SAN FRANCISCO — The IEEE has formed a group to assess demand for a faster form of Ethernet, taking the first step toward what could become a Terabit Ethernet standard.
The group, which goes by the unwieldy name “IEEE 802.3 Industry Connections Ethernet Bandwidth Assessment Ad Hoc,” has posted a public request for input on traffic growth trends, bandwidth use in individual data centres and any other information that could help to answer the question of where the Ethernet standard needs to go from here. It won’t make any recommendations or start an initiative for a new standard, only gather input and summarize it in a report expected next year.

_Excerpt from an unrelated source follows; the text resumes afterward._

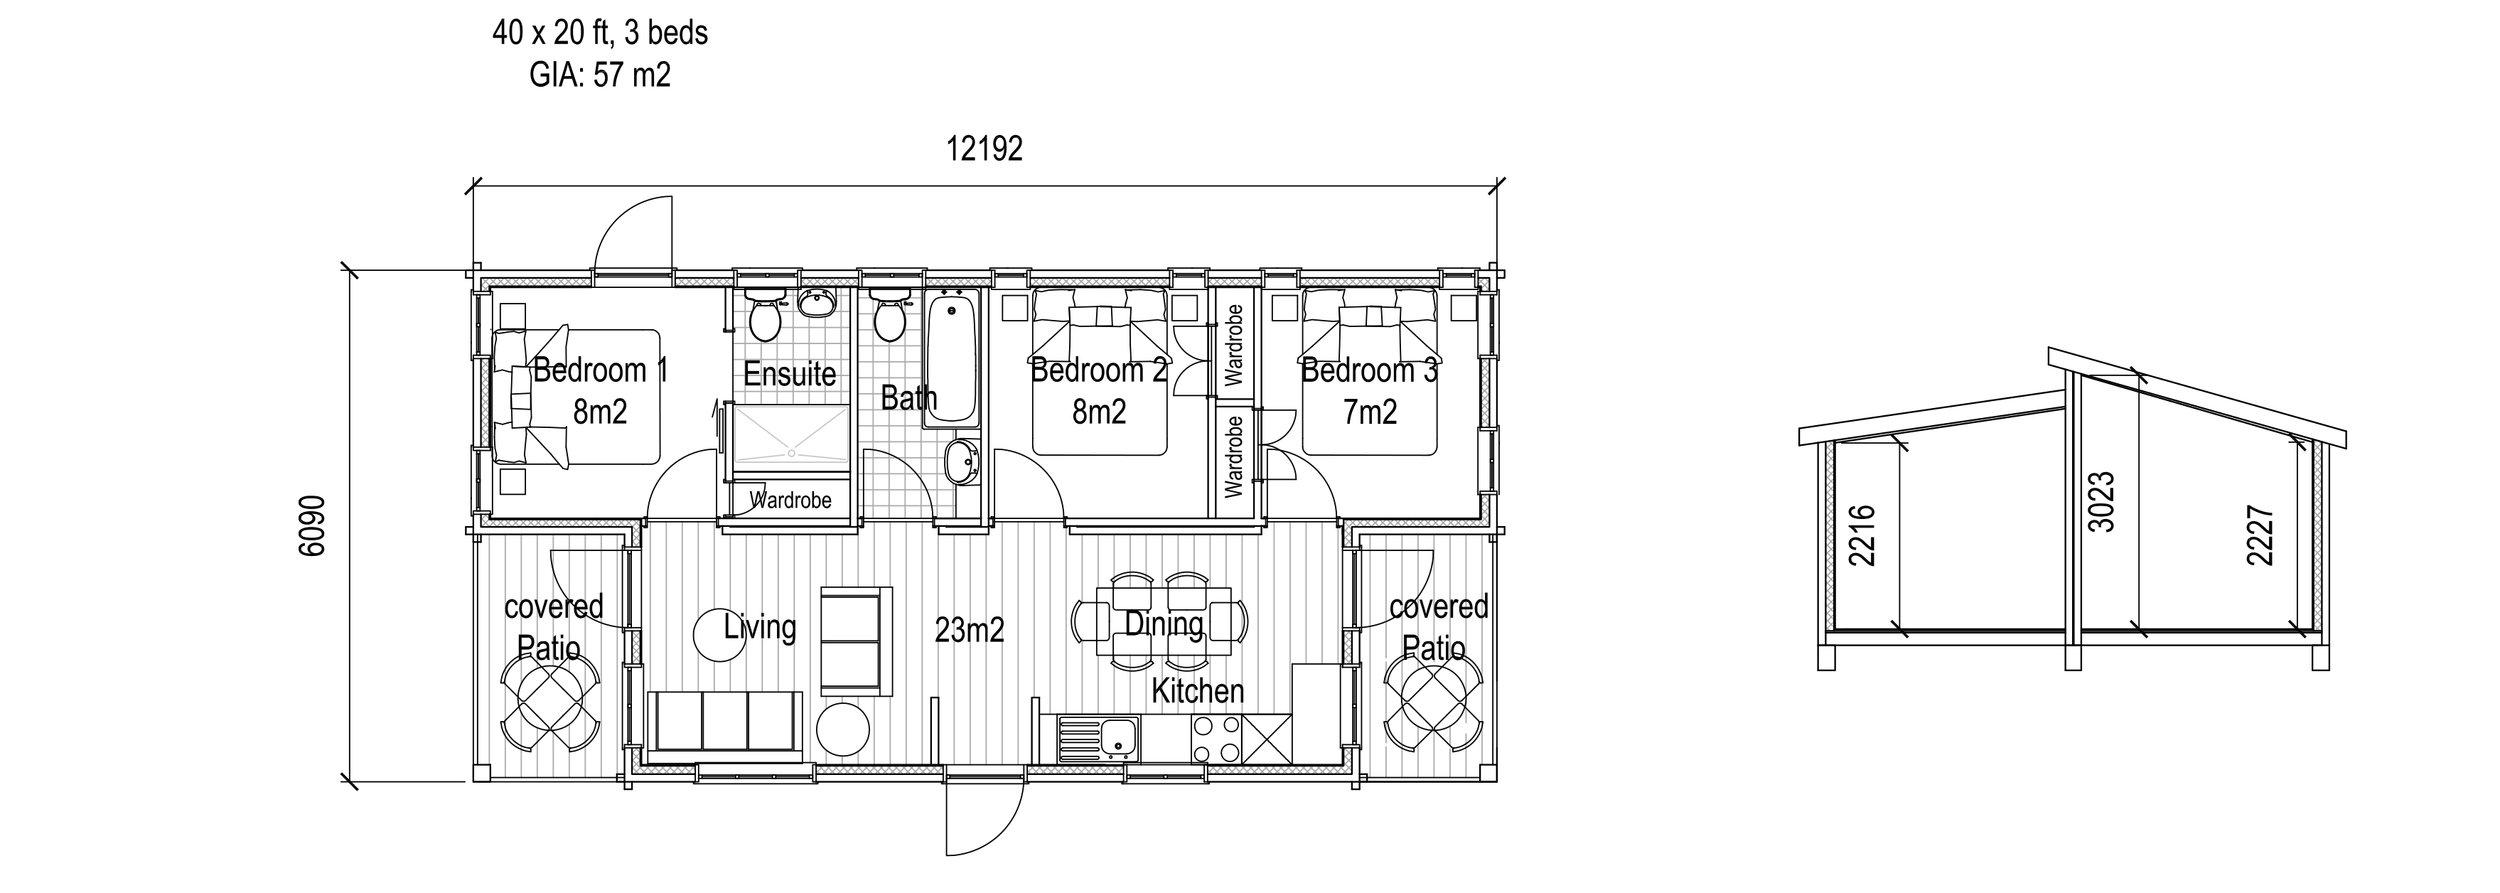 40-20 3bed plans.jpg

Information about demand for the current fastest Ethernet specification, which spans both 40 Gbps (gigabits bits per second) and 100 Gbps, was collected by individual companies and engineers before the IEEE formed the group that developed the standard, said John D’Ambrosia, chairman of the new ad hoc group. He believes this is the first time the IEEE 802.3 organization, which oversees Ethernet, has created a formal data-gathering project.

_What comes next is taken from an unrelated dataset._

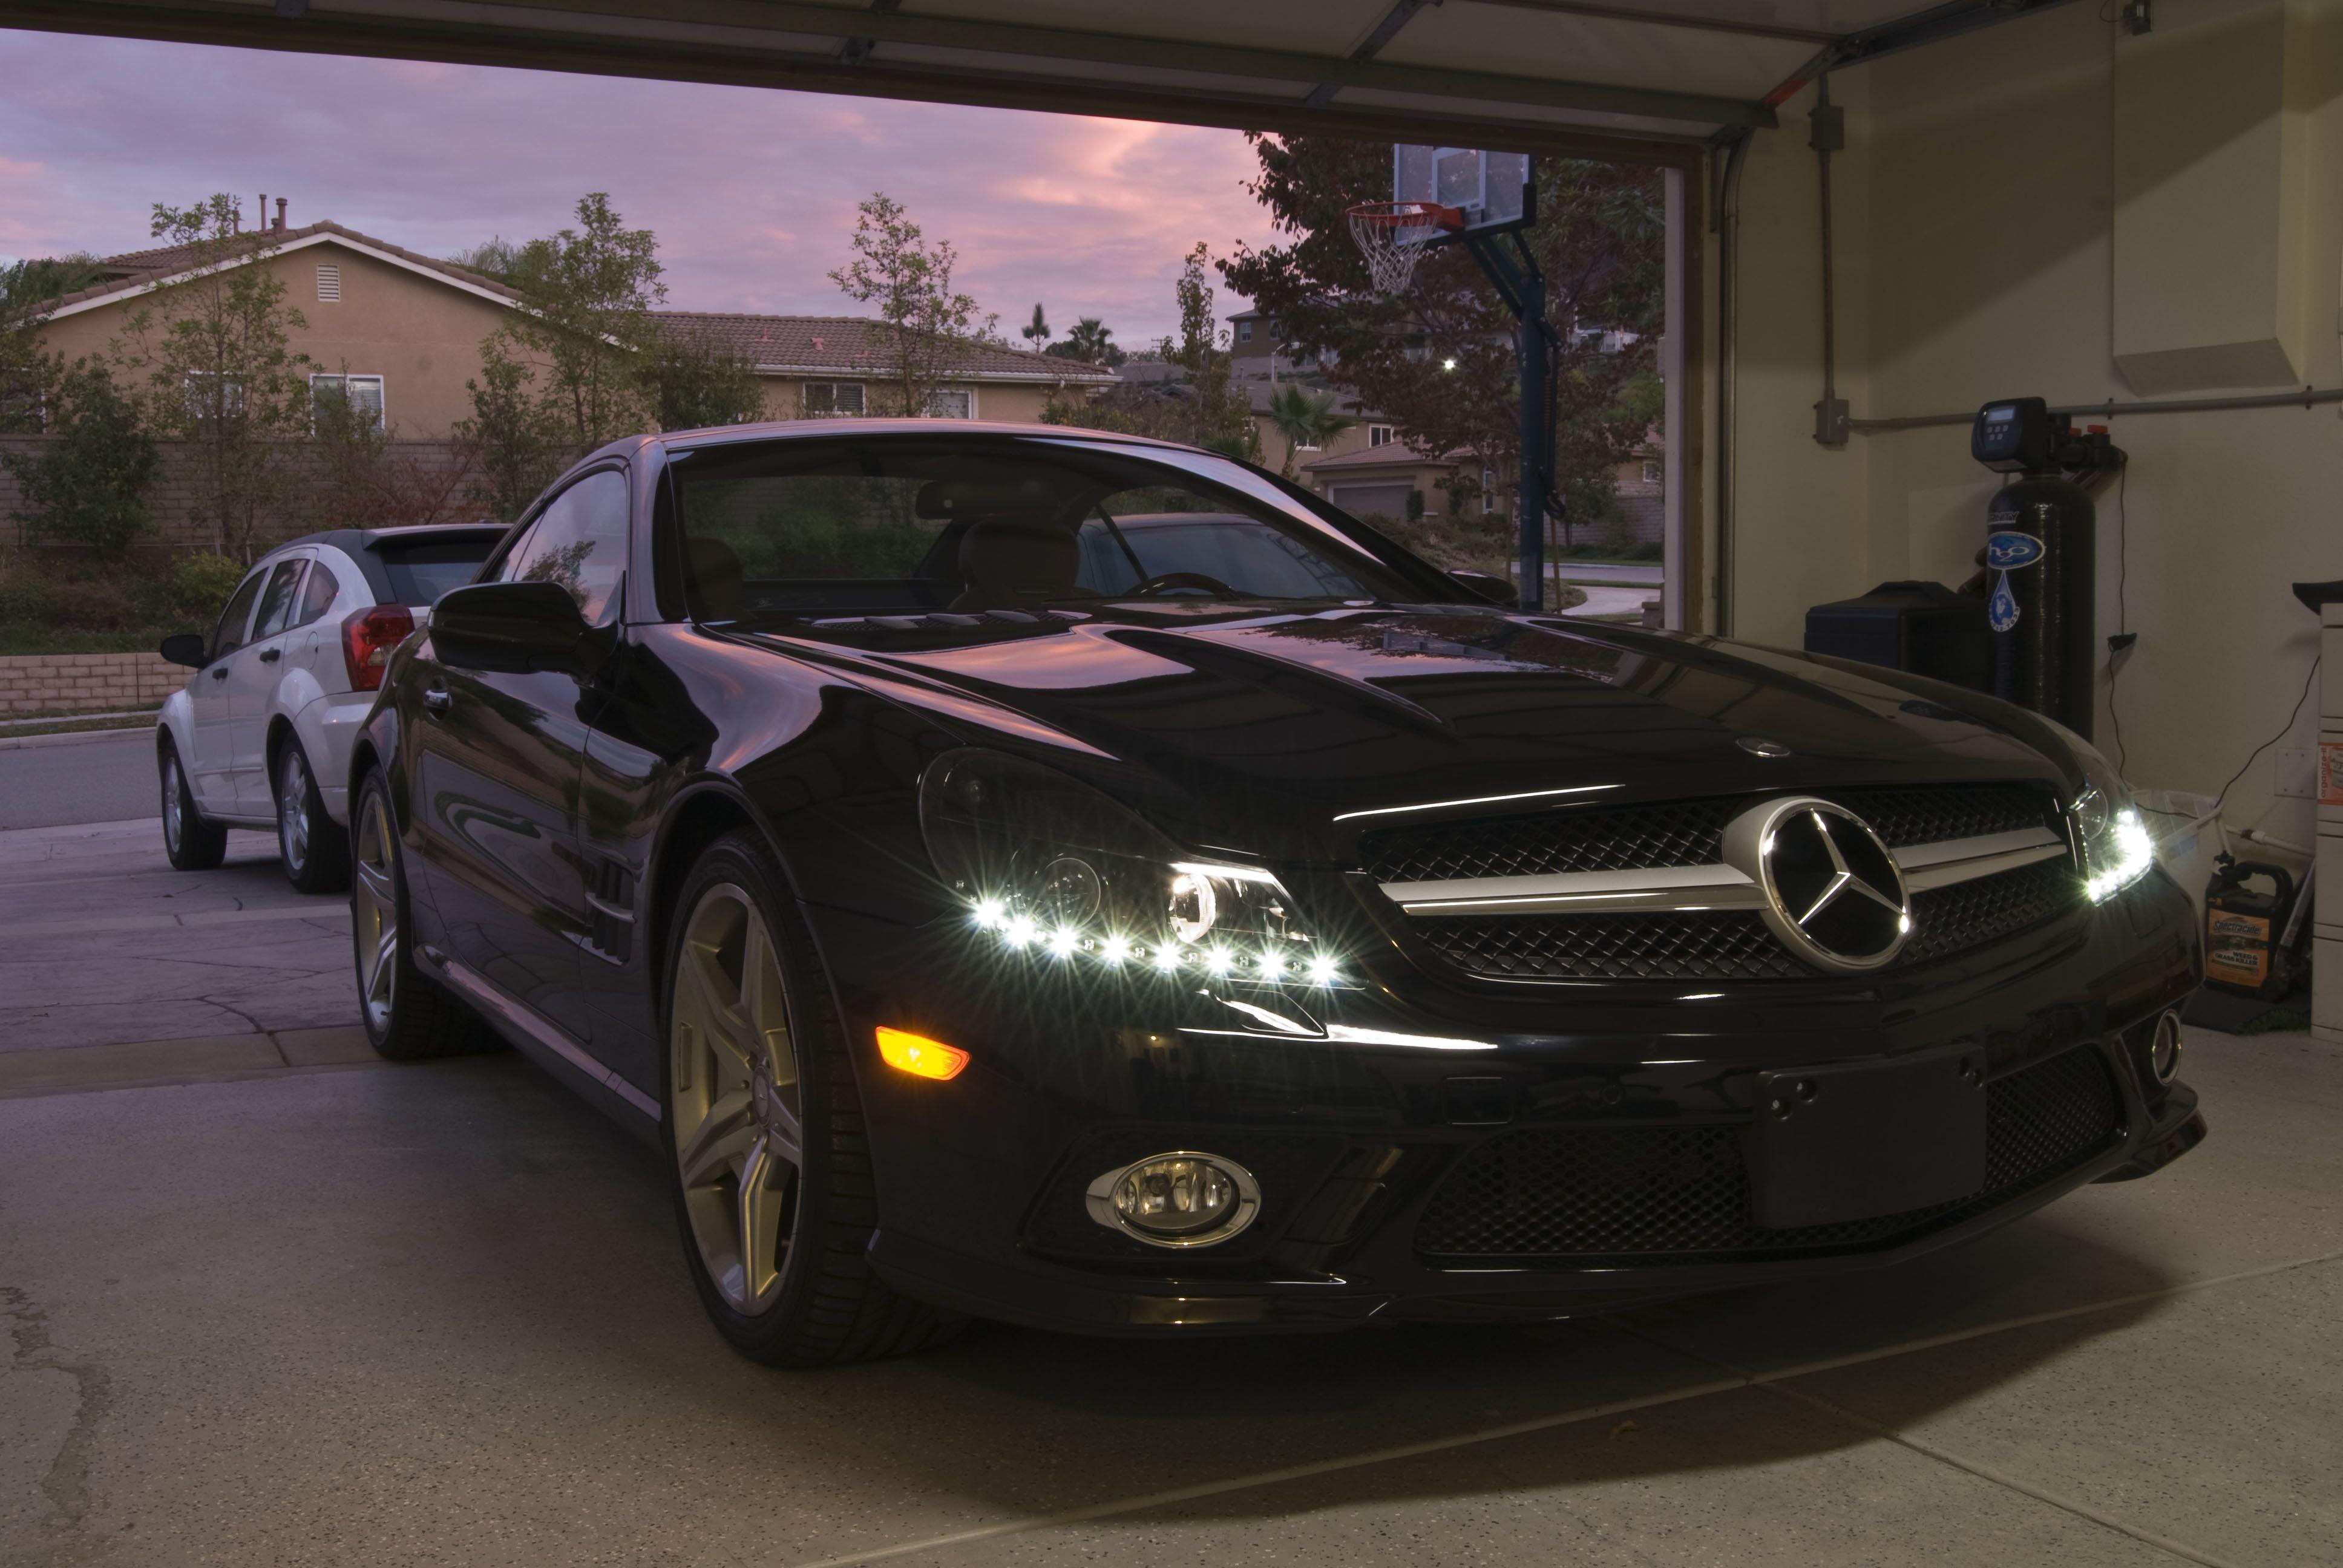 Mercedes sl550 custom led headlights mercedes benz for Mercedes benz aftermarket headlights

People were contacted privately around 2005 to gauge the need for a faster specification, D’Ambrosia said. However, there were only a handful of responsese.
Disagreement about speeds complicated the process of developing the current standard, called 802.3ab. Though carriers and aggregation switch vendors agreed the IEEE should pursue a 100 Gbps speed, server vendors said they wouldn’t need adapters that fast until years later. They wanted a 40 Gbps standard, and it emerged later that there was also some demand for 40G bps among switch makers, D’Ambrosia said.
D’Ambrosia said he doesn’t want to get blindsided by not understanding bandwidth trends again.
The ad hoc group hopes to gather a much broader set of data before the next high-speed standards effort begins. The call for input, released April 15, is expected to play a key role in this. The group has also been asking participants from individual industries for their input. The first business stepping up to participate is the financial services industry, according to D’Ambrosia. Andrew Bach, the networking chief at NYSE Euronext stock exchange, who has already forecast a need for 1T bps Ethernet, and others will contribute information, he said.
This time around, the information gathered may help the next high-speed Ethernet group decide whether to aim for 1T bps or 400G bps. Though any new standard takes years to develop, there are much more significant challenges involved in achieving Terabit Ethernet than there are in 400G bps, said D’Ambrosia, who is also the chief Ethernet evangelist at switch vendor Force10 Networks. Some of those challenges were laid out at the Ethernet Technology Summit held earlier this year in Santa Clara, California.
The ad hoc group has met a few times since late February to work out logistical issues but was formally announced on Monday. It plans to spend the first half of this year organizing its efforts and the second half of the year gathering data, and then aims to issue a report in the first half of next year.